Soft TF/IDF¶
-
class
py_stringmatching.similarity_measure.soft_tfidf.
SoftTfIdf
(corpus_list=None, sim_func=jaro_function, threshold=0.5)[source]¶ Computes soft TF/IDF measure.
Note
Currently, this measure is implemented without dampening. This is similar to setting dampen flag to be False in TF-IDF. We plan to add the dampen flag in the next release.
Parameters: - corpus_list (list of lists) – Corpus list (default is set to None) of strings. If set to None, the input list are considered the only corpus.
- sim_func (function) – Secondary similarity function. This should return a similarity score between two strings (optional), default is the Jaro similarity measure.

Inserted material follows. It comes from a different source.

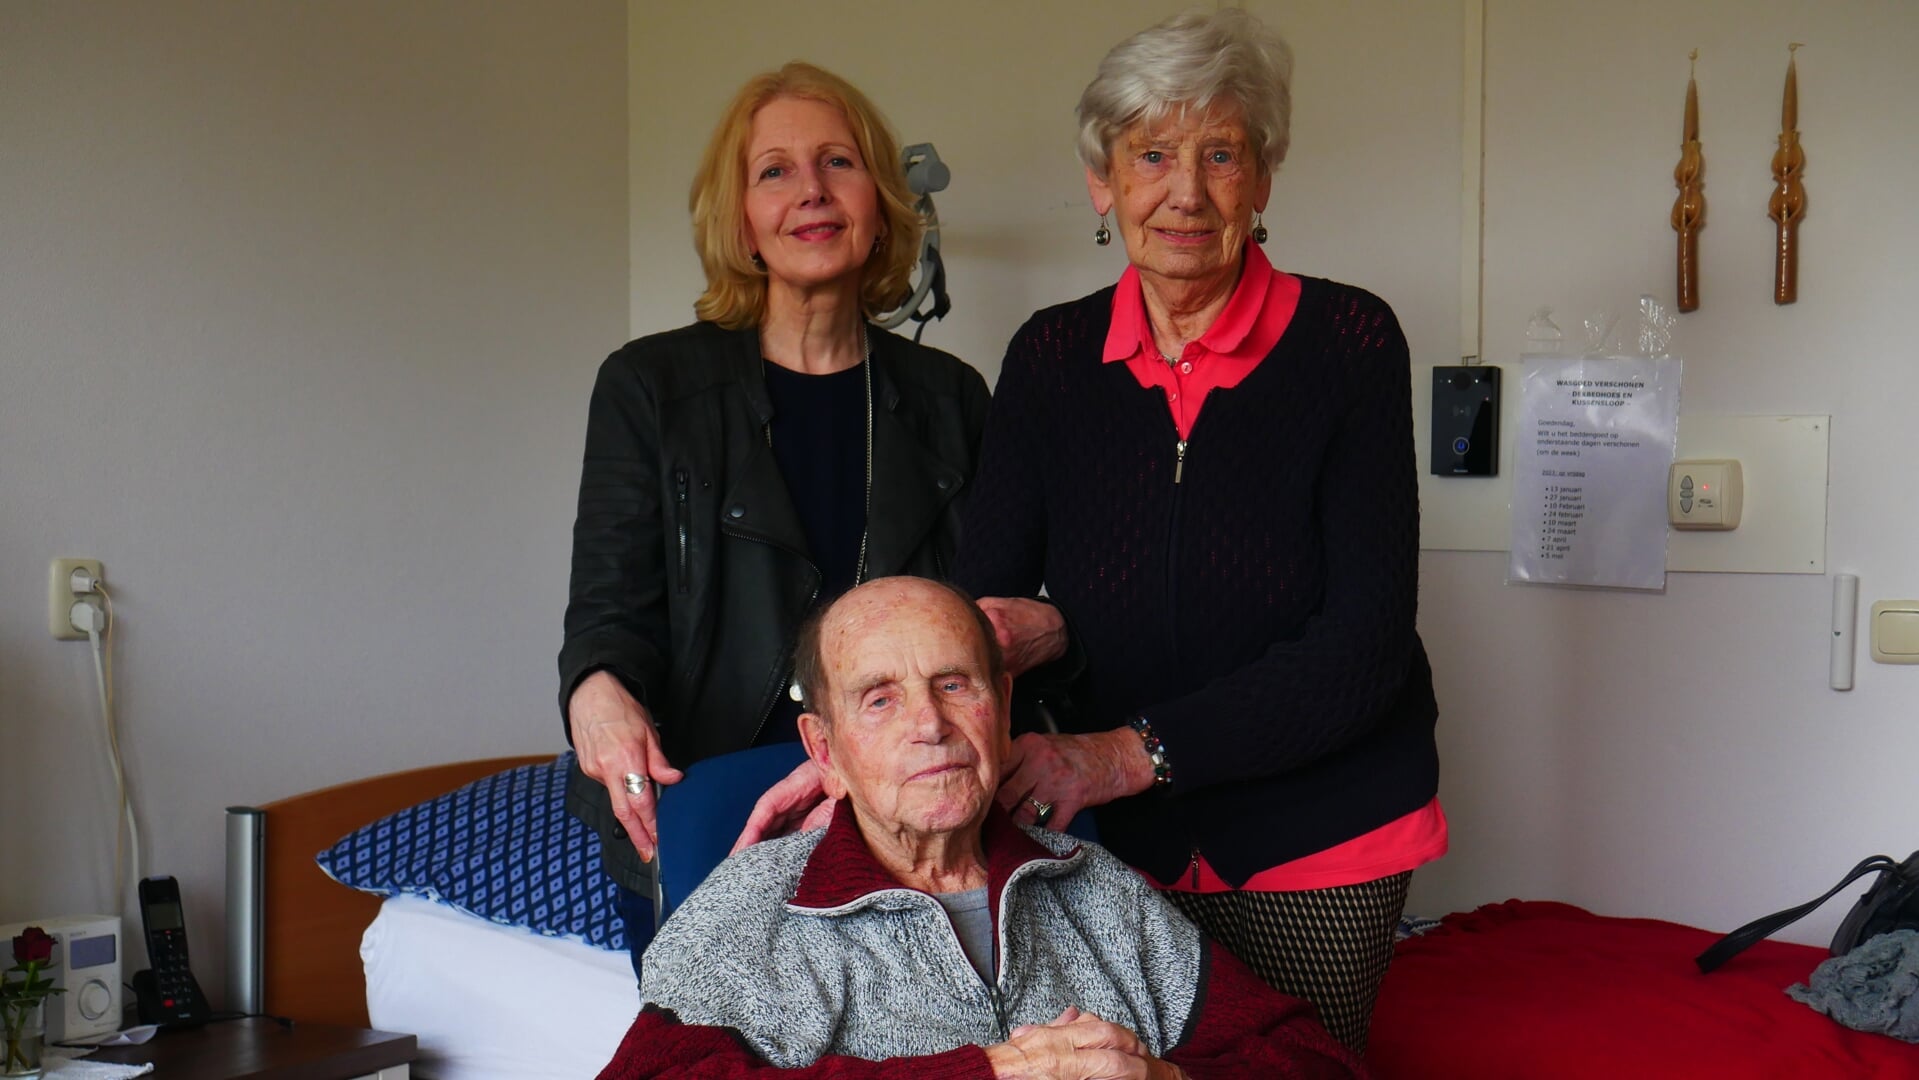 José Poncin (66) in woonzorgcentrum Steenvoorde, waar haar ouders Erica (91) en Bep (99) wonen.

- threshold (float) – Threshold value for the secondary similarity function (defaults to 0.5). If the similarity of a token pair exceeds the threshold, then the token pair is considered a match.
-
sim_func
¶ function
An attribute to store the secondary similarity function.
-
threshold
¶ float
An attribute to store the threshold value for the secondary similarity function.
-
get_raw_score
(bag1, bag2)[source]¶ Computes the raw soft TF/IDF score between two lists given the corpus information.
Parameters: bag1,bag2 (list) – Input lists Returns: Soft TF/IDF score between the input lists (float). Raises: TypeError
– If the inputs are not lists or if one of the inputs is None.Examples
>>> soft_tfidf = SoftTfIdf([['a', 'b', 'a'], ['a', 'c'], ['a']], sim_func=Jaro().get_raw_score, threshold=0.8) >>> soft_tfidf.get_raw_score(['a', 'b', 'a'], ['a', 'c']) 0.17541160386140586 >>> soft_tfidf = SoftTfIdf([['a', 'b', 'a'], ['a', 'c'], ['a']], threshold=0.9) >>> soft_tfidf.get_raw_score(['a', 'b', 'a'], ['a']) 0.5547001962252291 >>> soft_tfidf = SoftTfIdf([['x', 'y'], ['w'], ['q']]) >>> soft_tfidf.get_raw_score(['a', 'b', 'a'], ['a']) 0.0 >>> soft_tfidf = SoftTfIdf(sim_func=Affine().get_raw_score, threshold=0.6) >>> soft_tfidf.get_raw_score(['aa', 'bb', 'a'], ['ab', 'ba']) 0.81649658092772592
References
- the string matching chapter of the “Principles of Data Integration” book.
-
get_sim_func
()[source]¶ Get secondary similarity function.
Returns: secondary similarity function (function).
-
get_threshold
()[source]¶ Get threshold used for the secondary similarity function.
Returns: threshold (float).
-
set_corpus_list
(corpus_list)[source]¶ Set corpus list.
Parameters: corpus_list (list of lists) – Corpus list.